_The problem_
Could the listing be repeated exactly, with every picture dropped?

_Data excerpt_
--- START ---

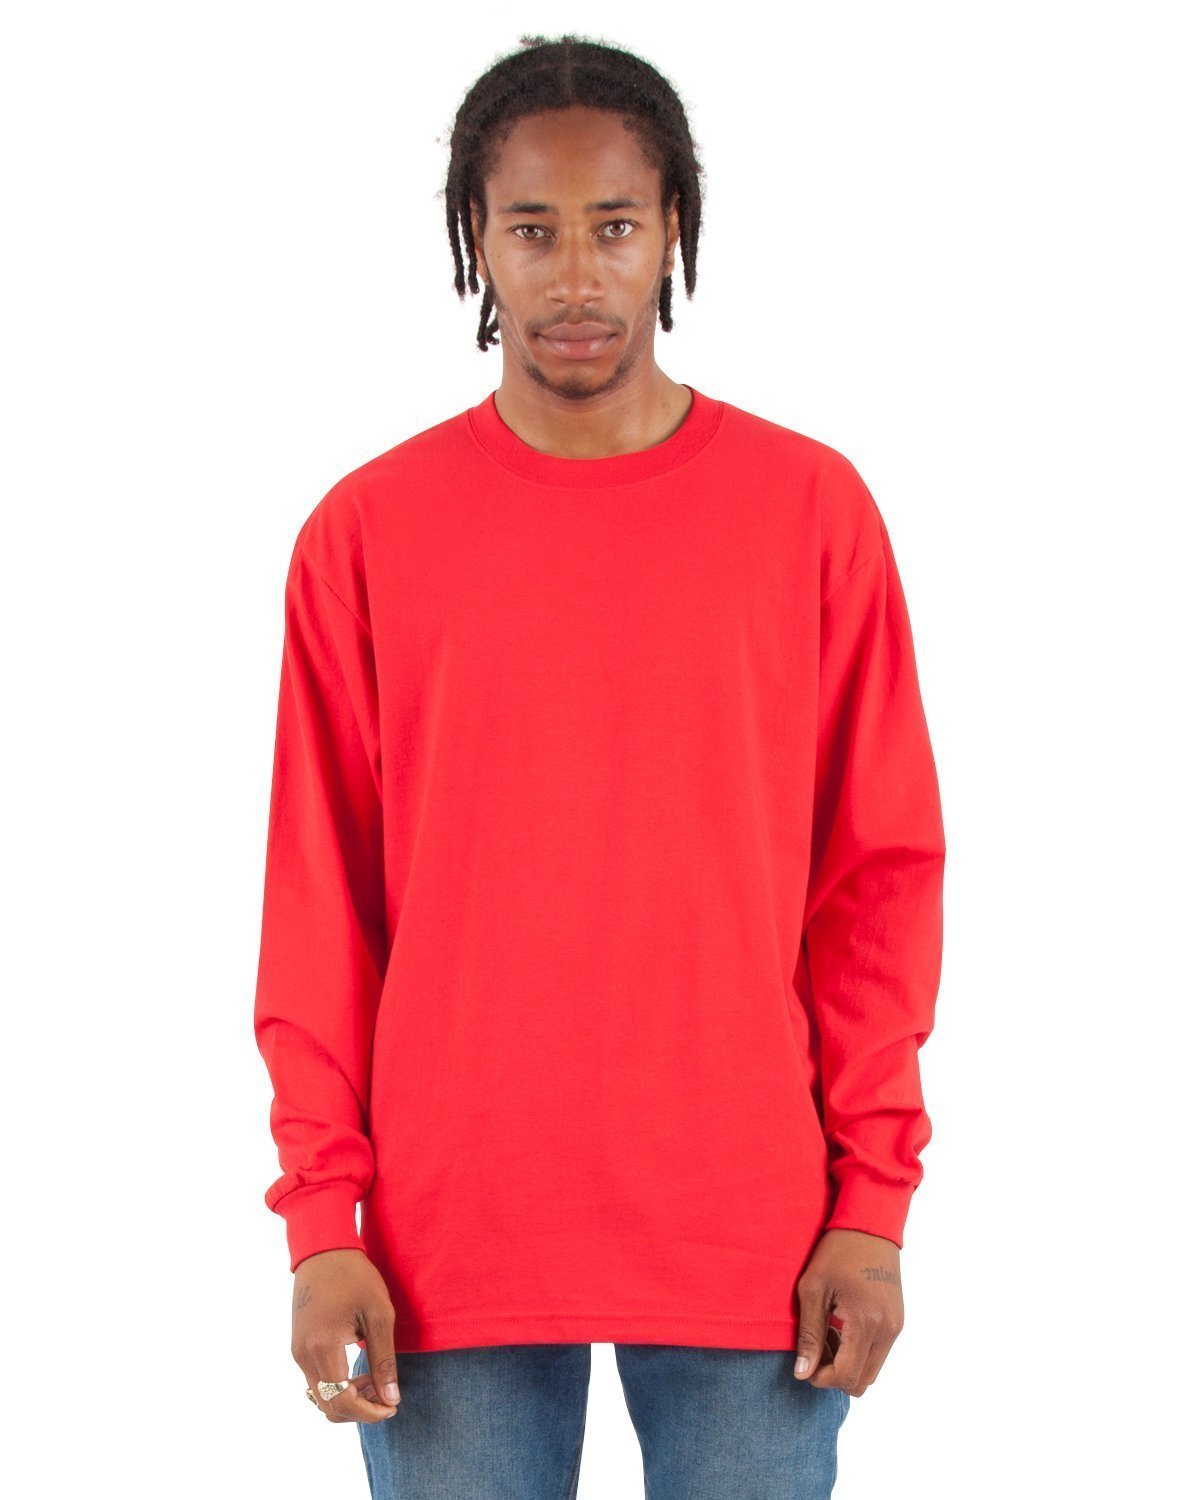 7.5 oz Max Heavyweight Long Sleeve - Large Sizes 5XL / Red
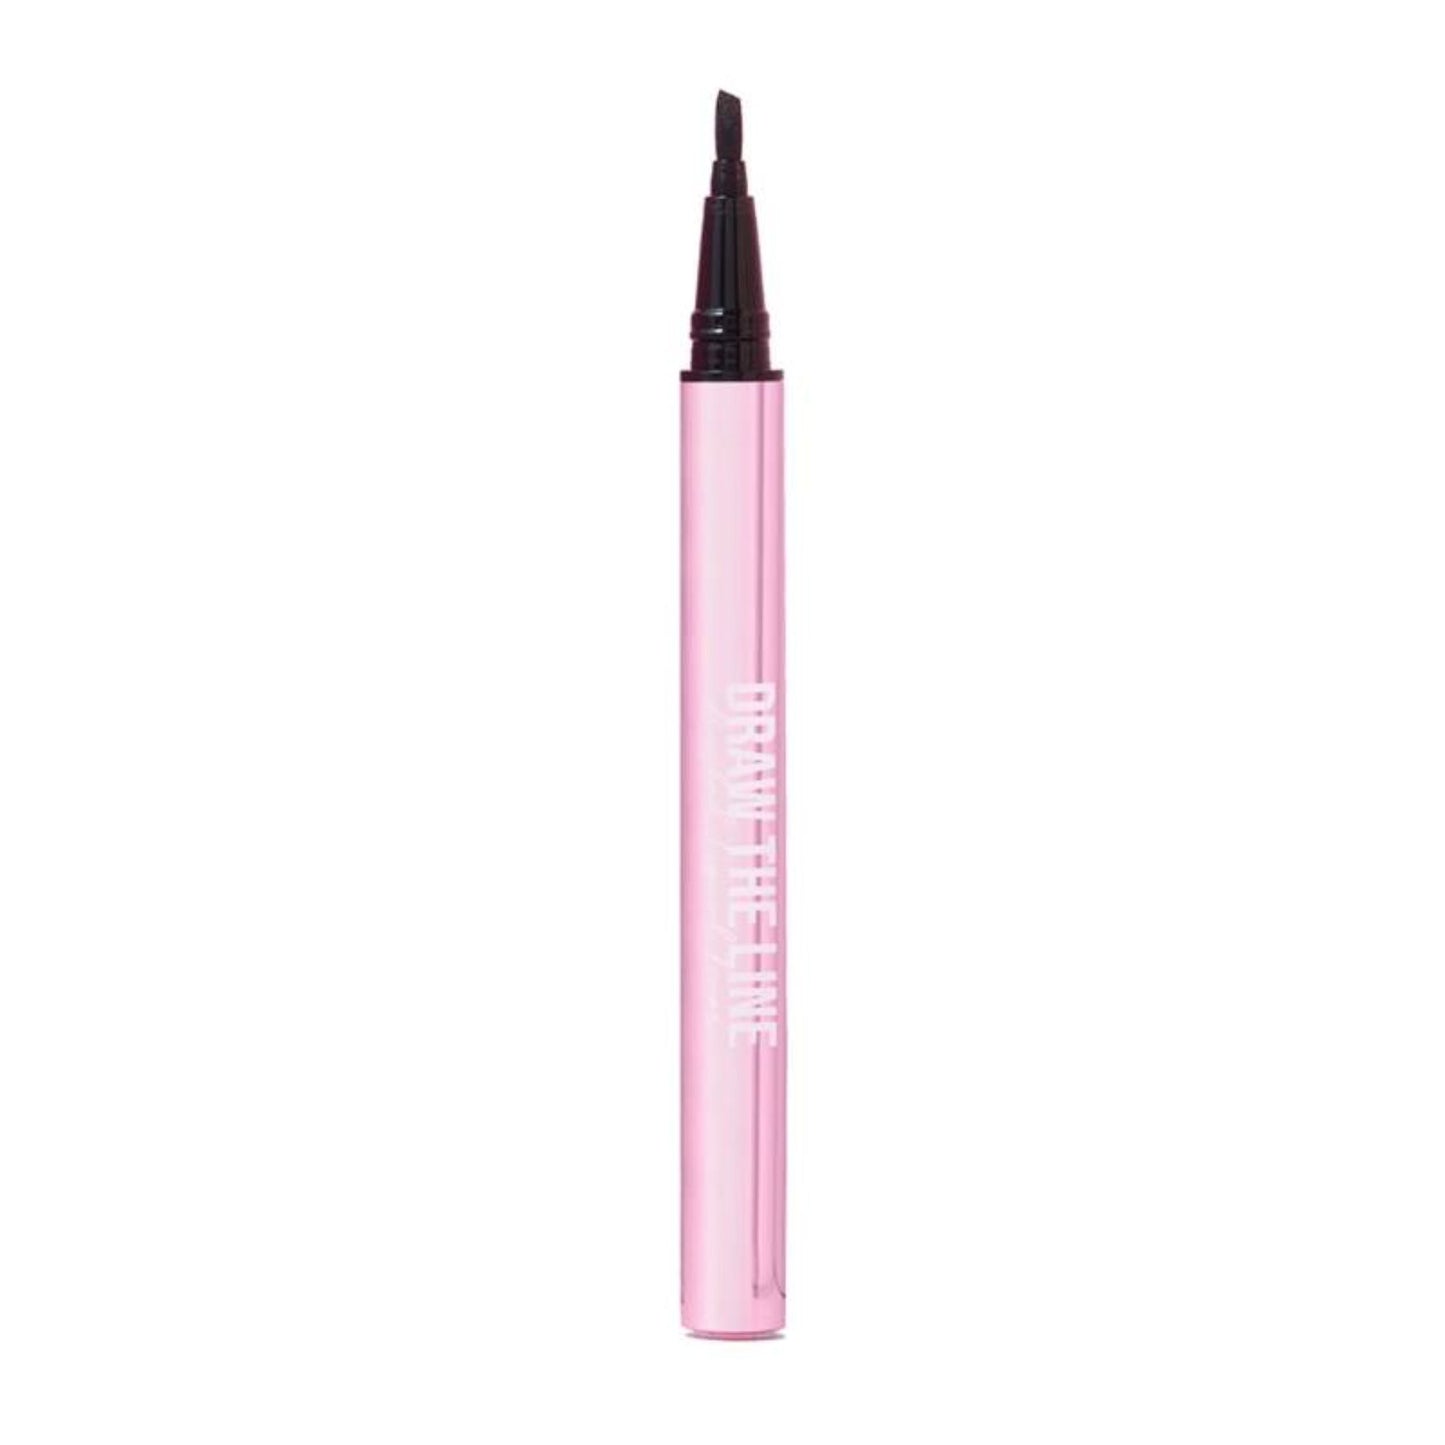 Delineador DRAW THE LINE ANGLED LIQUID LINER BEAUTY CREATIONS
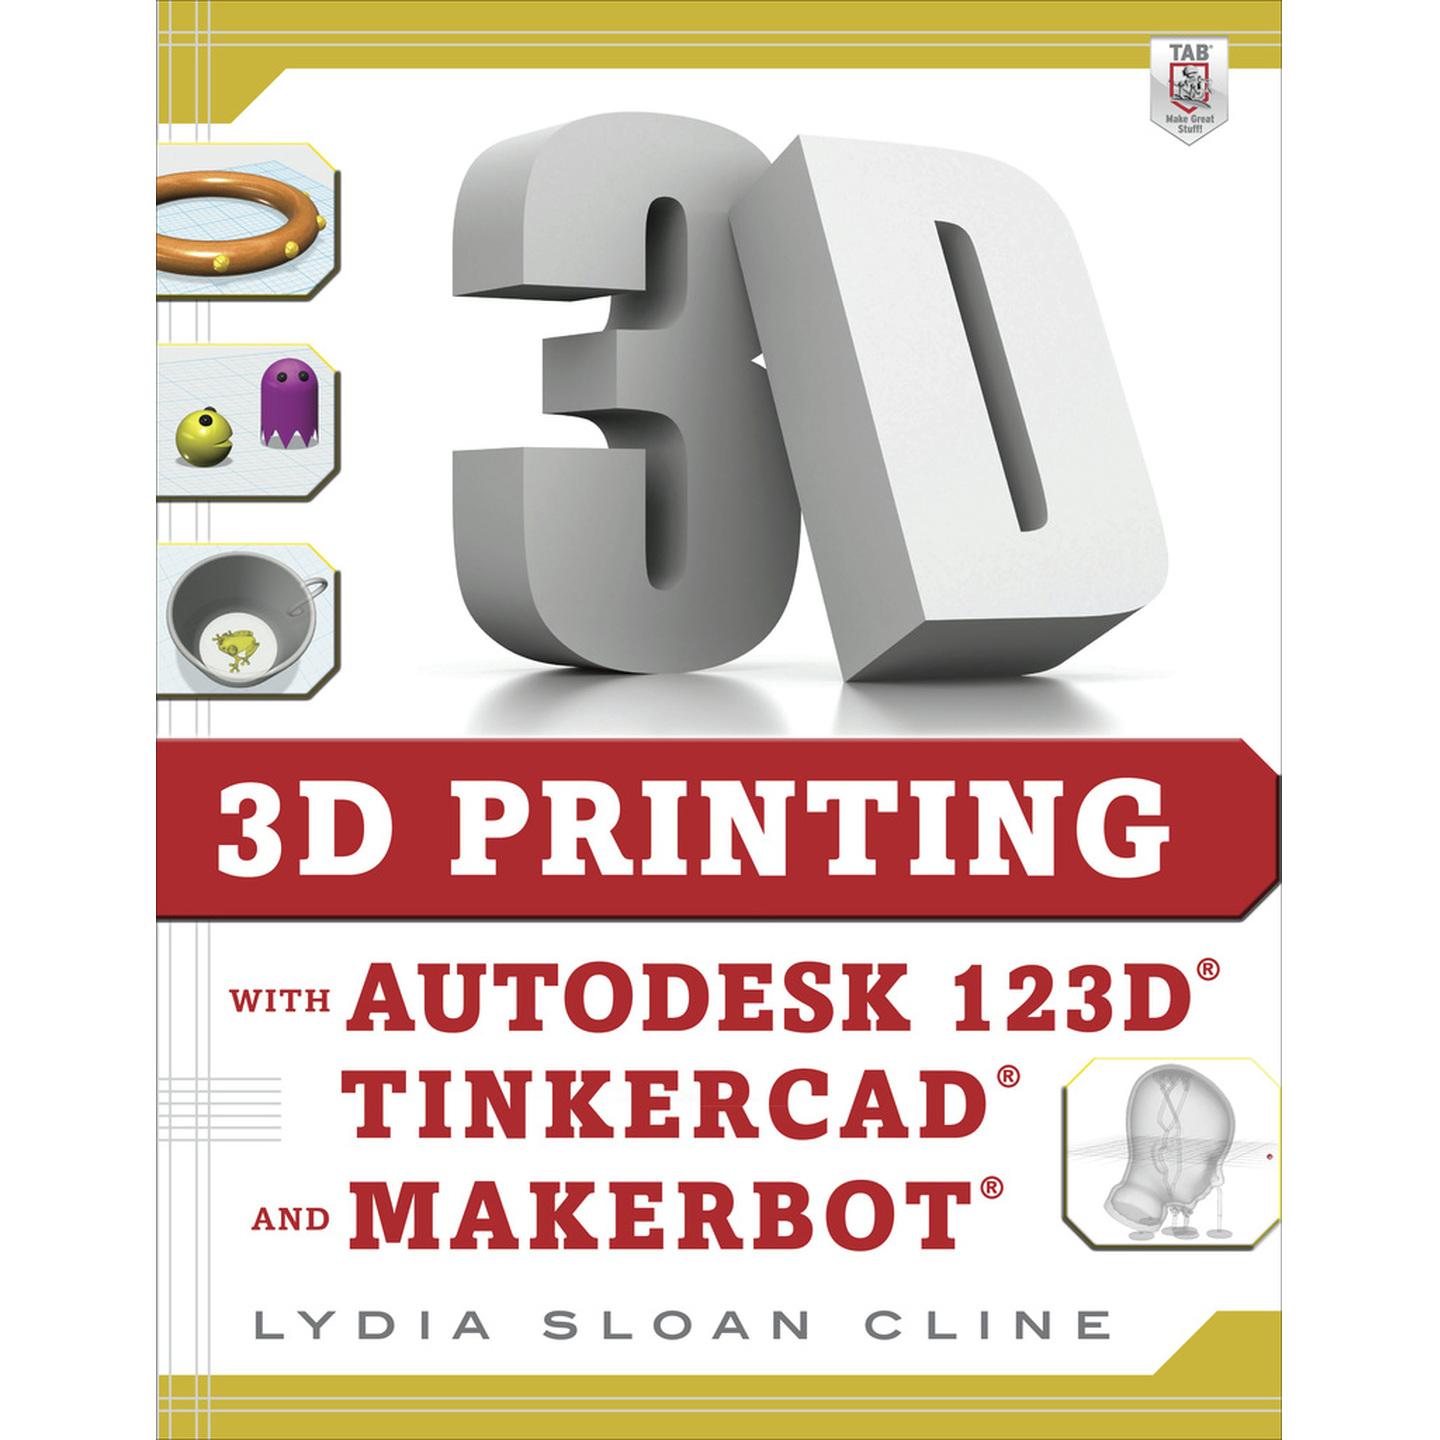 3D Printing with Autodesk 123D Tinkercad and Makerbot - Book

--- END ---

_Output of the task_
 7.5 oz Max Heavyweight Long Sleeve - Large Sizes 5XL / Red
 Delineador DRAW THE LINE ANGLED LIQUID LINER BEAUTY CREATIONS
 3D Printing with Autodesk 123D Tinkercad and Makerbot - Book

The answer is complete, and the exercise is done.